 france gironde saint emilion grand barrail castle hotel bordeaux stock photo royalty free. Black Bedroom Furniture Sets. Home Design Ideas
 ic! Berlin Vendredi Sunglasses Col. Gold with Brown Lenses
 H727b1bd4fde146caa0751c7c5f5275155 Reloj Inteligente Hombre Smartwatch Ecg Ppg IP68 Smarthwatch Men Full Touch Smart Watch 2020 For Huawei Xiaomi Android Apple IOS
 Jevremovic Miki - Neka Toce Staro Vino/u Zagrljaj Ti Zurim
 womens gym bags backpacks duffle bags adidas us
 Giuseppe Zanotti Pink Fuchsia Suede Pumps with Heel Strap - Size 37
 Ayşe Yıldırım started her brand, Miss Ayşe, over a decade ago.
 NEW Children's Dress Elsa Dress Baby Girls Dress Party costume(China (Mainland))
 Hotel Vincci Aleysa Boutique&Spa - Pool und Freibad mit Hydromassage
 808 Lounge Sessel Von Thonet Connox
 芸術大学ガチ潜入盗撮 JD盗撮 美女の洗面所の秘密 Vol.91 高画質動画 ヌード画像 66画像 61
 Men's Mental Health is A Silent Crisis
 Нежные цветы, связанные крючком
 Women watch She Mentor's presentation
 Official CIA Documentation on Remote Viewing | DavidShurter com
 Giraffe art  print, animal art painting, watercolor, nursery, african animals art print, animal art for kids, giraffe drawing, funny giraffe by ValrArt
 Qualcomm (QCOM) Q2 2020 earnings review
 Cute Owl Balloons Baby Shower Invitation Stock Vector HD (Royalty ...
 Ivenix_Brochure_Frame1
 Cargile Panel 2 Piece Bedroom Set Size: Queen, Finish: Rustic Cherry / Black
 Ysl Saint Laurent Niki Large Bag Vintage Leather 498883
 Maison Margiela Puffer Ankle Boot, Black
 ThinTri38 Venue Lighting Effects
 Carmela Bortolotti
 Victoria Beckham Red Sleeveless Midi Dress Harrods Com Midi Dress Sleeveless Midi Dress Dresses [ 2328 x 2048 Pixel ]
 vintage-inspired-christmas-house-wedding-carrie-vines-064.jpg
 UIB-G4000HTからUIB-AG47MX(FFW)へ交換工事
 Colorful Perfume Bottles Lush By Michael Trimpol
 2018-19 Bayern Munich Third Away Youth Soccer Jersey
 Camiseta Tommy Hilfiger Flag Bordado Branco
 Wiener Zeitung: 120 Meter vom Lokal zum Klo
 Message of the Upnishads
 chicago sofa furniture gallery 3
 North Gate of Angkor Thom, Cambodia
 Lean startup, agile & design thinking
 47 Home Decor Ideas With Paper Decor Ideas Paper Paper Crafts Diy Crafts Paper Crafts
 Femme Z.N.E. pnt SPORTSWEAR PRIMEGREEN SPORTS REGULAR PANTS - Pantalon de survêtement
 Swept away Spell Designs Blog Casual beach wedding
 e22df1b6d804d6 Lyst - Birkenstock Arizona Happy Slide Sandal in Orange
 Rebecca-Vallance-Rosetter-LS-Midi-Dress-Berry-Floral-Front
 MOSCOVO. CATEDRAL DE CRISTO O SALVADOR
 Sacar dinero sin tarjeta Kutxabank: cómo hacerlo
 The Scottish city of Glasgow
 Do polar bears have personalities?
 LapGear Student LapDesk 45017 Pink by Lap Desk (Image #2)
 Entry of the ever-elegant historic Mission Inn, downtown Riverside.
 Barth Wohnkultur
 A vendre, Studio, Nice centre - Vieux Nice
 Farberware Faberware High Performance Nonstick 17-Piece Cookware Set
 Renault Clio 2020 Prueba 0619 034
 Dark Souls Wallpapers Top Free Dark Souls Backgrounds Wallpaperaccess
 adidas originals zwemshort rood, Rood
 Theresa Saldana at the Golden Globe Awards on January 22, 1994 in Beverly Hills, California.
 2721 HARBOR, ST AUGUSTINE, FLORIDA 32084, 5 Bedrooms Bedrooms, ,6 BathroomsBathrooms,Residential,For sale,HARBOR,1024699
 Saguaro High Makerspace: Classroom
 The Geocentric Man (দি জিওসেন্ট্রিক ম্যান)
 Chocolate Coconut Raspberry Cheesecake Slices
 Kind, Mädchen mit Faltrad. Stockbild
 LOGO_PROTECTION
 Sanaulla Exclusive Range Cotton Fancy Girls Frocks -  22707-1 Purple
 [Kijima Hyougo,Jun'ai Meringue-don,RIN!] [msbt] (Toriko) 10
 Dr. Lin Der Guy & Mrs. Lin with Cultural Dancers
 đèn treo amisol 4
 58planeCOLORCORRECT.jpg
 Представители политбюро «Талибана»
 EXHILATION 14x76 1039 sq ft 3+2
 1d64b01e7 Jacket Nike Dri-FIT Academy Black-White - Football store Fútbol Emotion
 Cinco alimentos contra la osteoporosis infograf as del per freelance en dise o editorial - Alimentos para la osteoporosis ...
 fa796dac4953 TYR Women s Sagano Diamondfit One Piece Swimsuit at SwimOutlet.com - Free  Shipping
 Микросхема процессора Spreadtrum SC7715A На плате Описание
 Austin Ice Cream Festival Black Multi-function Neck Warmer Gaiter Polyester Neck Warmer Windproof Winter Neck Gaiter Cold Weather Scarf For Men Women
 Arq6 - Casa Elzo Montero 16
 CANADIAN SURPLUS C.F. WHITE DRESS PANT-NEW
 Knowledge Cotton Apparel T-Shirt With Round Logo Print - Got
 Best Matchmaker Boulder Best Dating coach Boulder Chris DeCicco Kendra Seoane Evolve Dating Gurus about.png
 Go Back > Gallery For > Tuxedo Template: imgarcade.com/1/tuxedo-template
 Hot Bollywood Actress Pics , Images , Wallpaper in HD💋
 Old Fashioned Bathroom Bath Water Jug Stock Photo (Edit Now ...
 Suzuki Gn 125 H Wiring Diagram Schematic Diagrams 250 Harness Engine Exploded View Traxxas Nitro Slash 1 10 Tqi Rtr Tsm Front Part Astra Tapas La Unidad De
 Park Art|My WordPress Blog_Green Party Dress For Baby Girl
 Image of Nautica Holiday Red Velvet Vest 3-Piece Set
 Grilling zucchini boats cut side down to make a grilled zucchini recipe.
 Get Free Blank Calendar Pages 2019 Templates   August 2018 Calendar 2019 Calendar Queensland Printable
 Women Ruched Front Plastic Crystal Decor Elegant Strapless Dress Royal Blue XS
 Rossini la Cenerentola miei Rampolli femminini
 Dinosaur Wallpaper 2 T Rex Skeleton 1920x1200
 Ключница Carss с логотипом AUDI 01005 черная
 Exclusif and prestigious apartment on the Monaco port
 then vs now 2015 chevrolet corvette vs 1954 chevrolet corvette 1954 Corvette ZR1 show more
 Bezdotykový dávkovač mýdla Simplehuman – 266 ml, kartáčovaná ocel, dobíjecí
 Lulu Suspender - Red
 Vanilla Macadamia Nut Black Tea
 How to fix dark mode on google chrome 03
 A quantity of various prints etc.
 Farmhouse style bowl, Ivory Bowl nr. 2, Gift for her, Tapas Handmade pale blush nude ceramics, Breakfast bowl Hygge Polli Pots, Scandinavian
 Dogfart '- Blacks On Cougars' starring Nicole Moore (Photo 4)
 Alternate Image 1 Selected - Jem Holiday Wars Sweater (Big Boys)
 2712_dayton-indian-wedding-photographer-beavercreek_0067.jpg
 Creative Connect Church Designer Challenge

## Directions for this task
From the listing above, repeat exactly the lines starting at the line that includes "NEW Children's Dress" and ending at the line that includes "The Scottish city of Glasgow", with nothing outside that span.

## Finished task
 NEW Children's Dress Elsa Dress Baby Girls Dress Party costume(China (Mainland))
 Hotel Vincci Aleysa Boutique&Spa - Pool und Freibad mit Hydromassage
 808 Lounge Sessel Von Thonet Connox
 芸術大学ガチ潜入盗撮 JD盗撮 美女の洗面所の秘密 Vol.91 高画質動画 ヌード画像 66画像 61
 Men's Mental Health is A Silent Crisis
 Нежные цветы, связанные крючком
 Women watch She Mentor's presentation
 Official CIA Documentation on Remote Viewing | DavidShurter com
 Giraffe art  print, animal art painting, watercolor, nursery, african animals art print, animal art for kids, giraffe drawing, funny giraffe by ValrArt
 Qualcomm (QCOM) Q2 2020 earnings review
 Cute Owl Balloons Baby Shower Invitation Stock Vector HD (Royalty ...
 Ivenix_Brochure_Frame1
 Cargile Panel 2 Piece Bedroom Set Size: Queen, Finish: Rustic Cherry / Black
 Ysl Saint Laurent Niki Large Bag Vintage Leather 498883
 Maison Margiela Puffer Ankle Boot, Black
 ThinTri38 Venue Lighting Effects
 Carmela Bortolotti
 Victoria Beckham Red Sleeveless Midi Dress Harrods Com Midi Dress Sleeveless Midi Dress Dresses [ 2328 x 2048 Pixel ]
 vintage-inspired-christmas-house-wedding-carrie-vines-064.jpg
 UIB-G4000HTからUIB-AG47MX(FFW)へ交換工事
 Colorful Perfume Bottles Lush By Michael Trimpol
 2018-19 Bayern Munich Third Away Youth Soccer Jersey
 Camiseta Tommy Hilfiger Flag Bordado Branco
 Wiener Zeitung: 120 Meter vom Lokal zum Klo
 Message of the Upnishads
 chicago sofa furniture gallery 3
 North Gate of Angkor Thom, Cambodia
 Lean startup, agile & design thinking
 47 Home Decor Ideas With Paper Decor Ideas Paper Paper Crafts Diy Crafts Paper Crafts
 Femme Z.N.E. pnt SPORTSWEAR PRIMEGREEN SPORTS REGULAR PANTS - Pantalon de survêtement
 Swept away Spell Designs Blog Casual beach wedding
 e22df1b6d804d6 Lyst - Birkenstock Arizona Happy Slide Sandal in Orange
 Rebecca-Vallance-Rosetter-LS-Midi-Dress-Berry-Floral-Front
 MOSCOVO. CATEDRAL DE CRISTO O SALVADOR
 Sacar dinero sin tarjeta Kutxabank: cómo hacerlo
 The Scottish city of Glasgow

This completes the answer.